Records contained in a dataset:
*-*-*
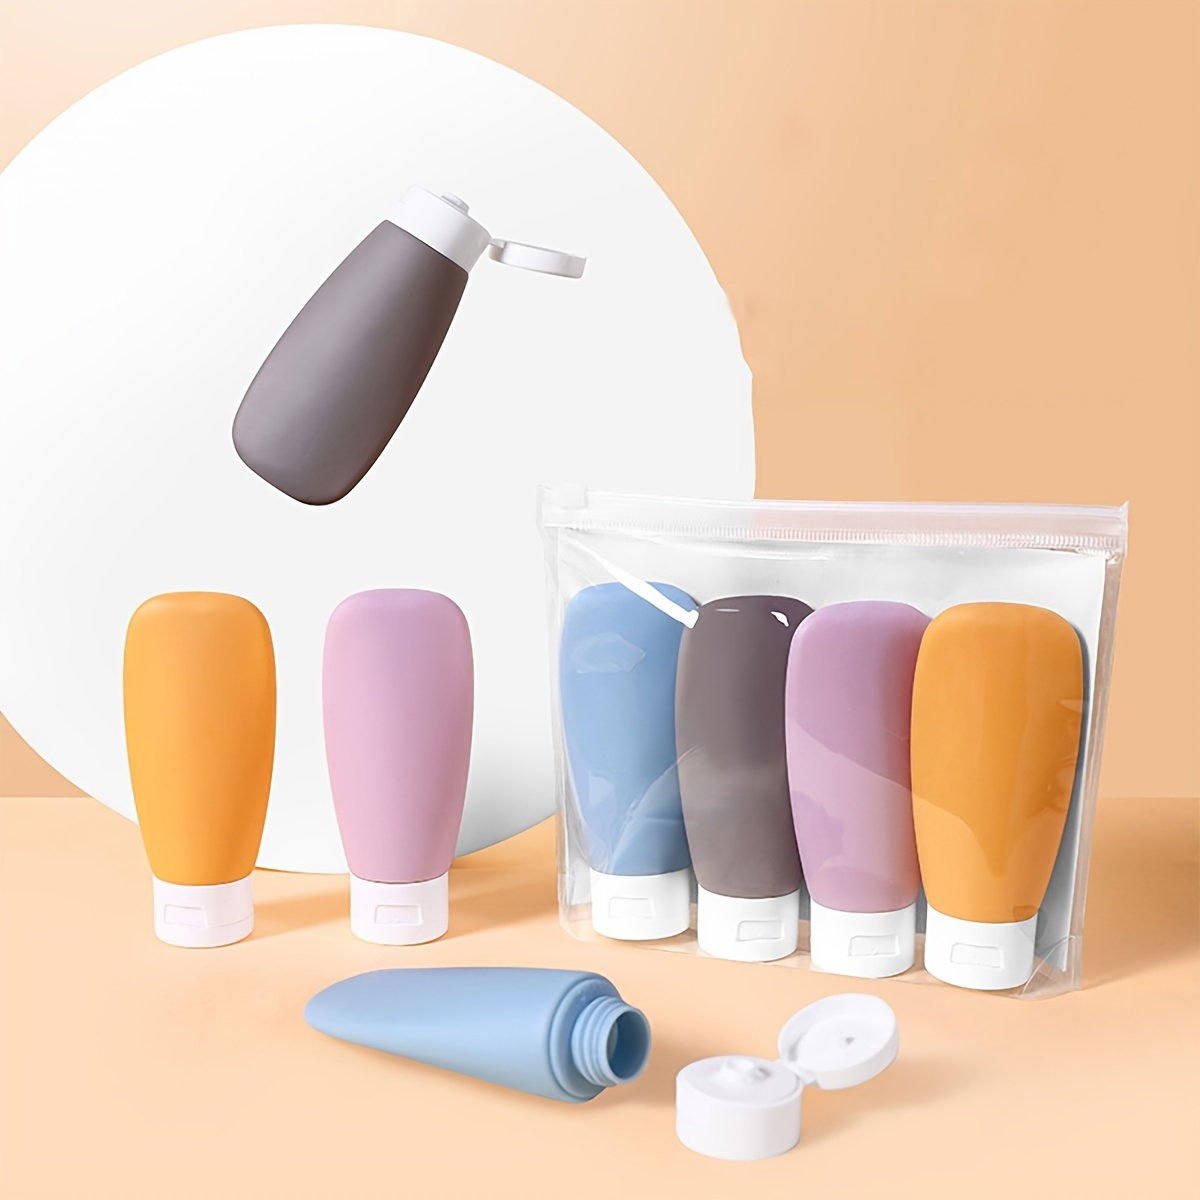 

4pcs Silicone Travel Bottles, Portable Squeeze Soft Lotion Containers, Refillable Shower Gel & Shampoo Cosmetic Bottles, Leak-proof Empty Tubes For Toiletries And Makeup
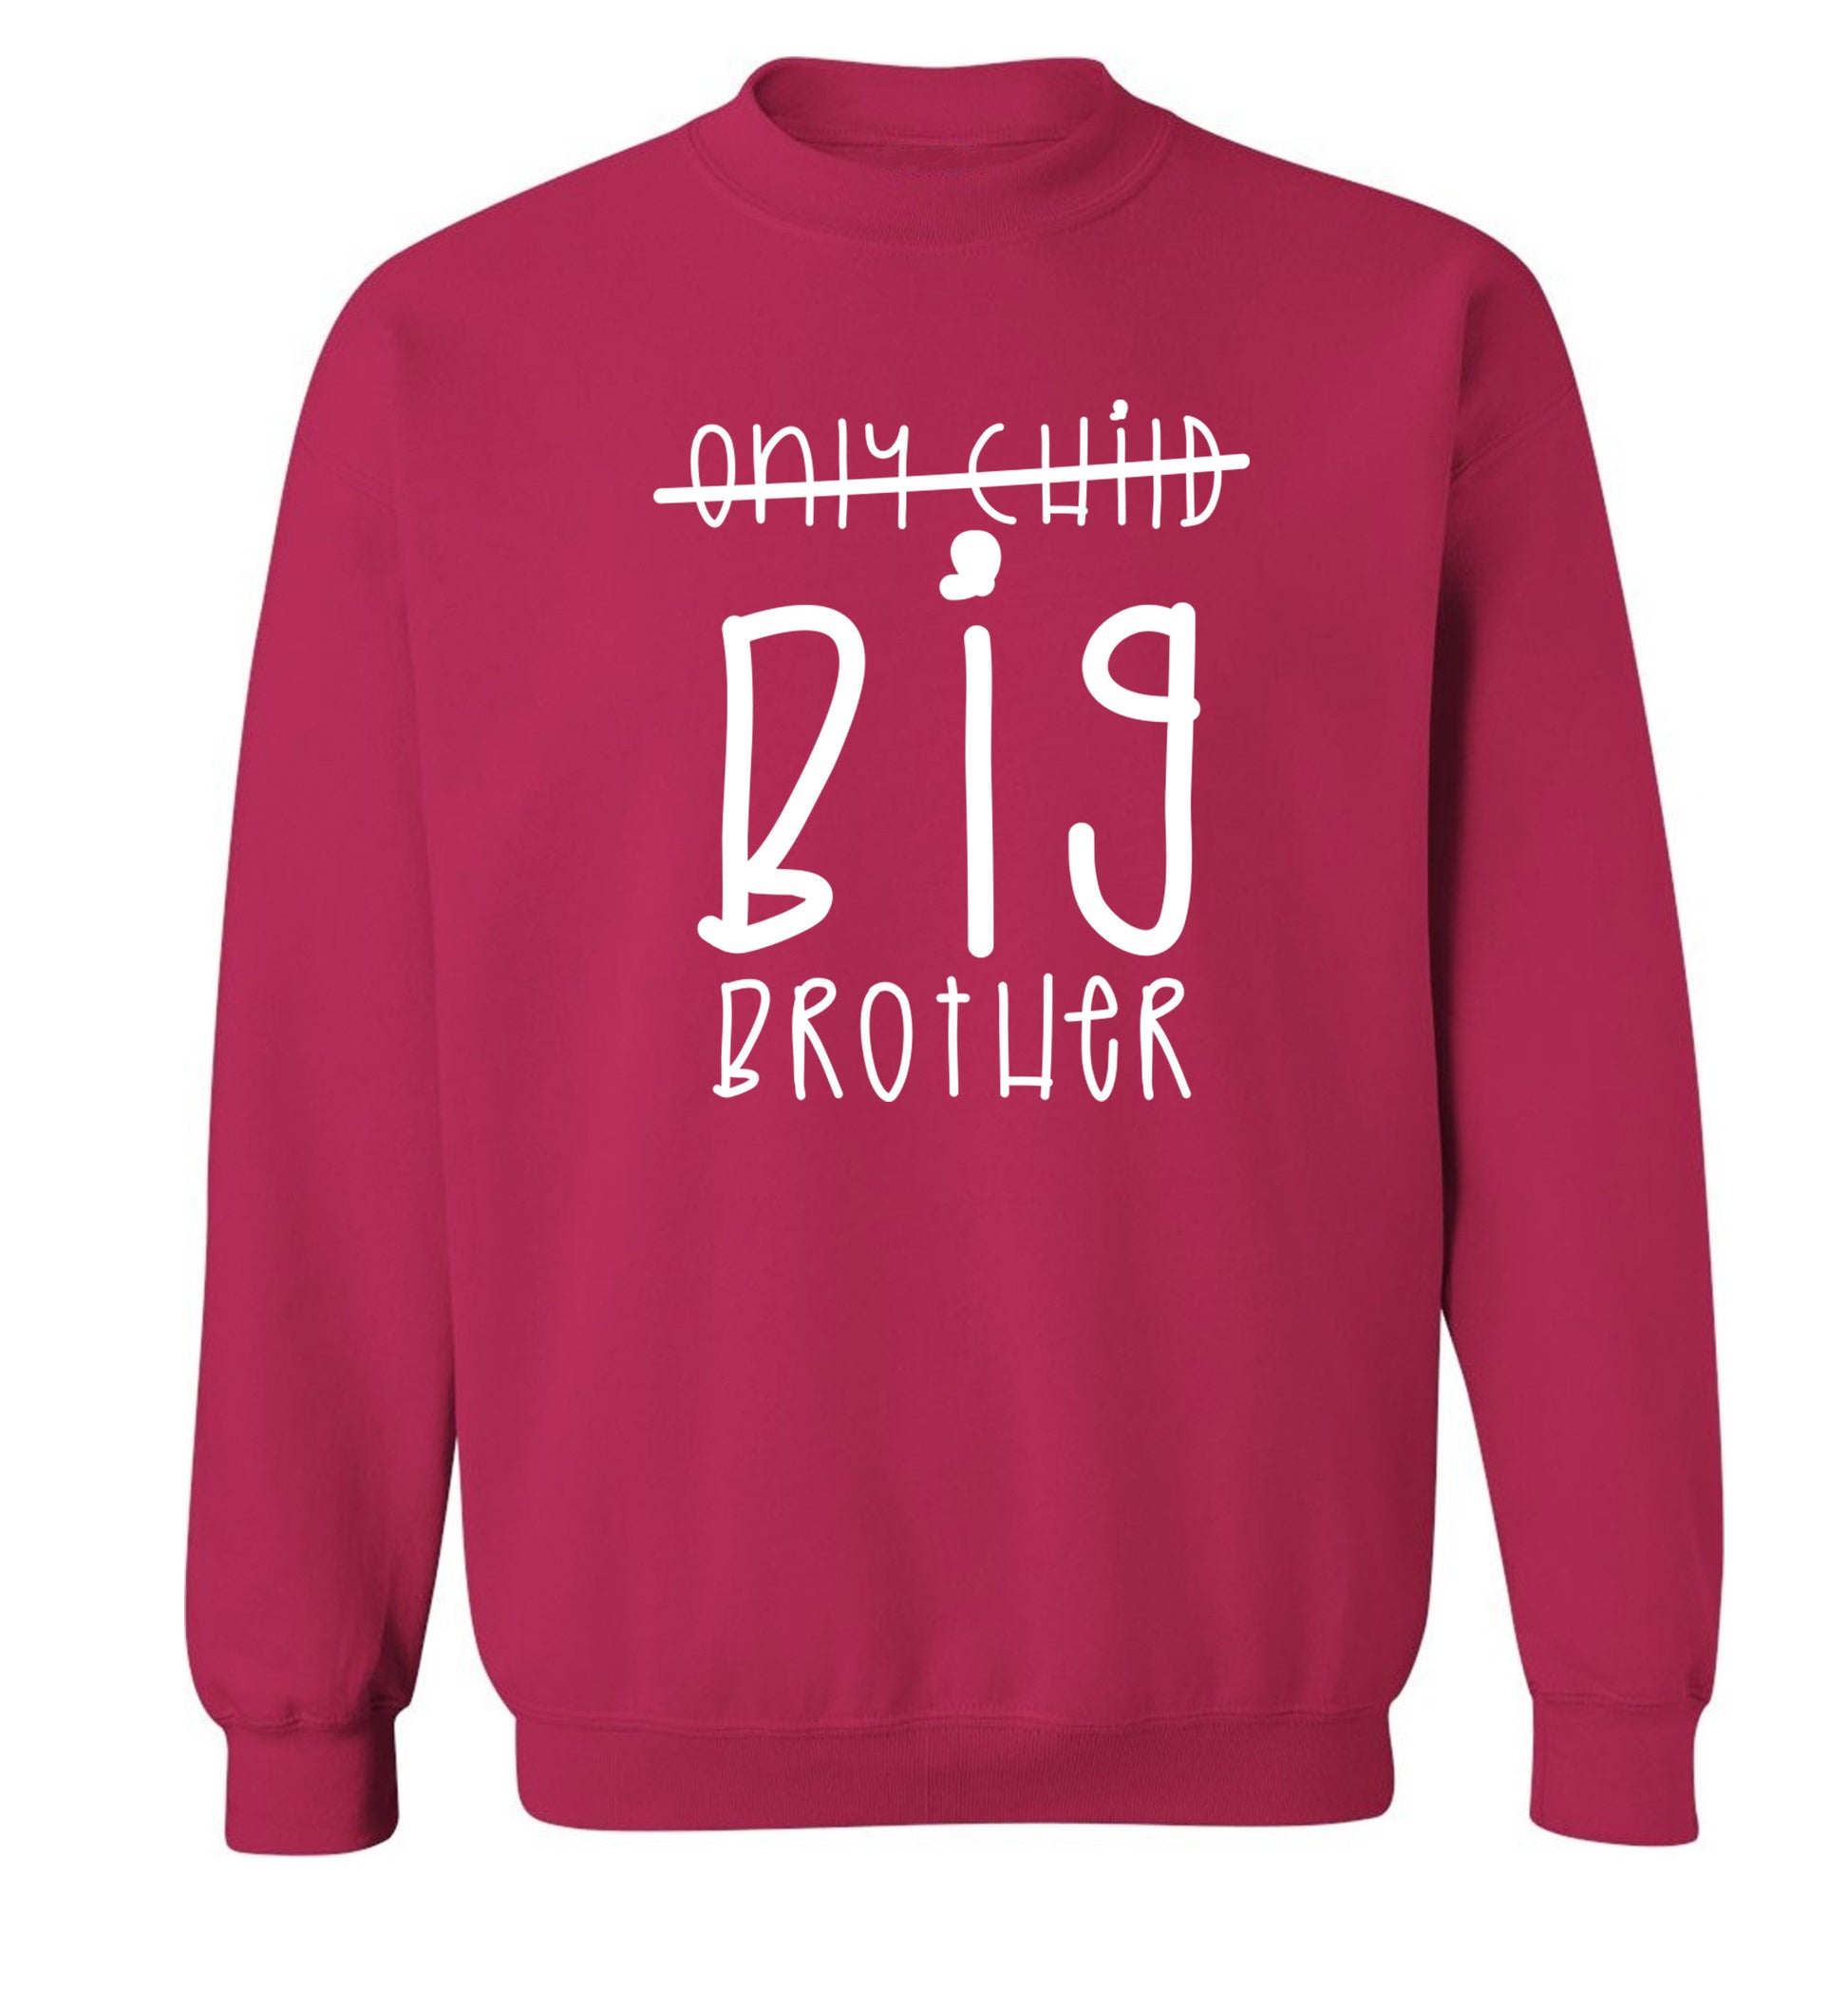 Only child big brother Adult's unisex pink Sweater 2XL
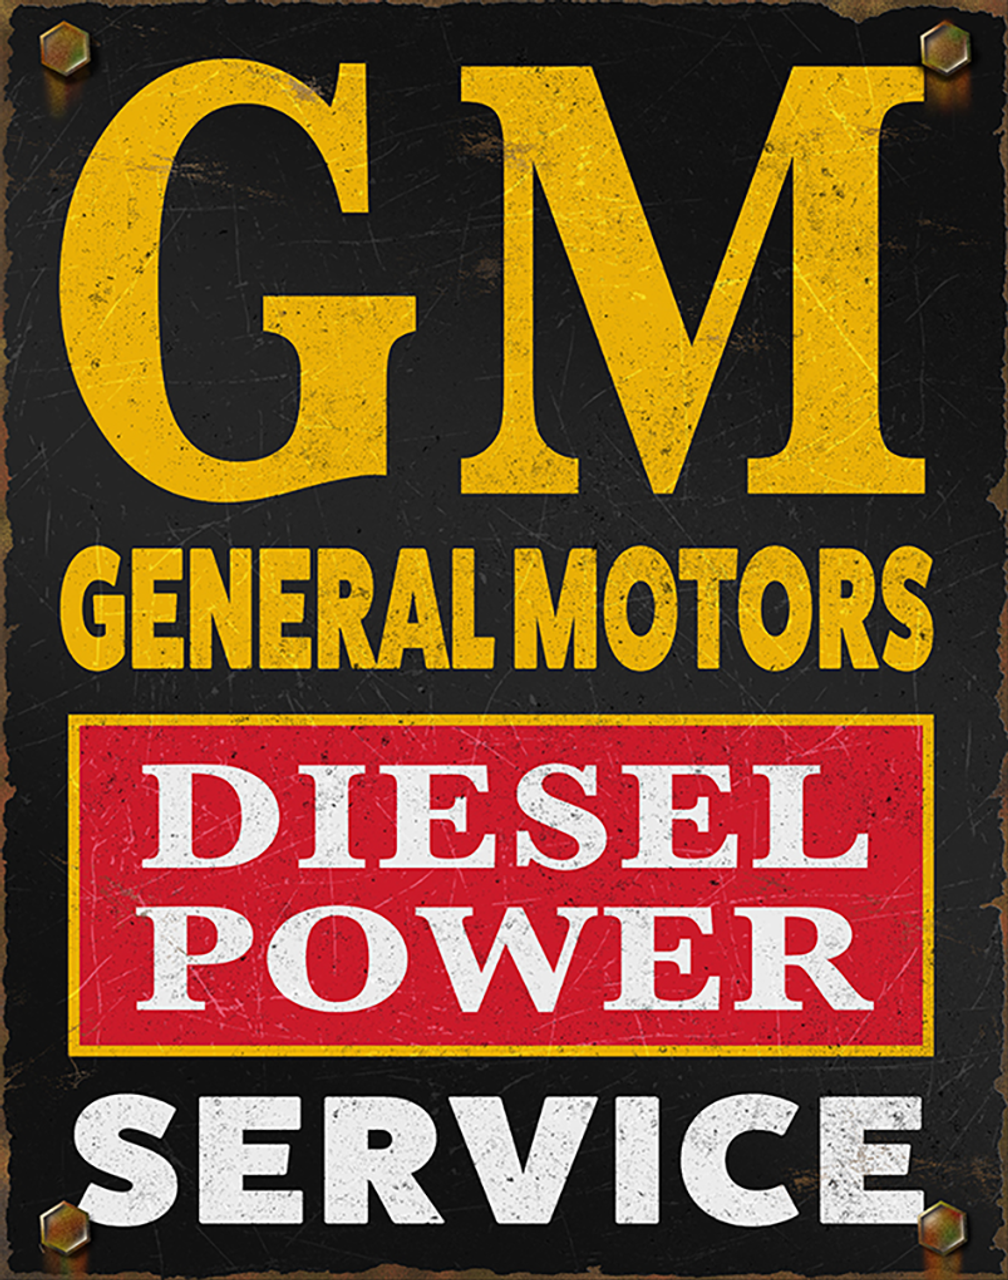 General Motors GM Brand: GM
Sign Material: Tin sign
Sign Size: 16in x 12.5in - 40.64cm x 31.75cm 
Print Layout: Vertical/Portrait
Made In: U.S.A
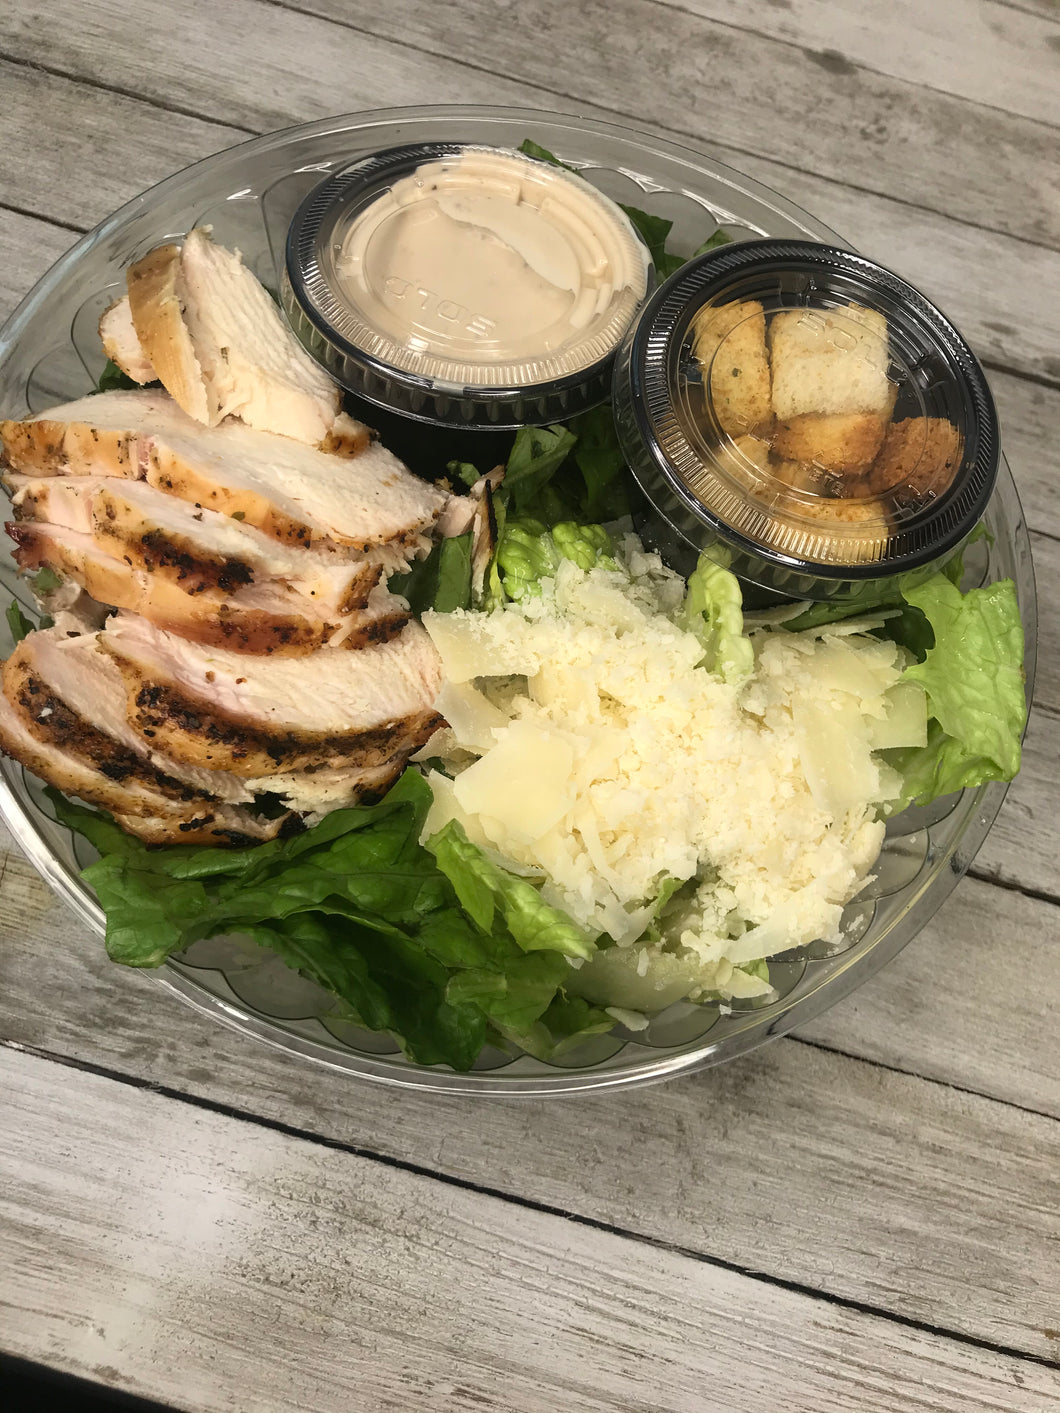 Caesar salad with grilled chicken, shrimp or roasted chickpeas
*-*-*
§ **EXERCISE OBJECTIVE**:
Without the pictures, set down every entry exactly.

§ **RESULT OF THE EXERCISE**:
4pcs Silicone Travel Bottles, Portable Squeeze Soft Lotion Containers, Refillable Shower Gel & Shampoo Cosmetic Bottles, Leak-proof Empty Tubes For Toiletries And Makeup
 Only child big brother Adult's unisex pink Sweater 2XL
 General Motors GM Brand: GM
Sign Material: Tin sign
Sign Size: 16in x 12.5in - 40.64cm x 31.75cm 
Print Layout: Vertical/Portrait
Made In: U.S.A
 Caesar salad with grilled chicken, shrimp or roasted chickpeas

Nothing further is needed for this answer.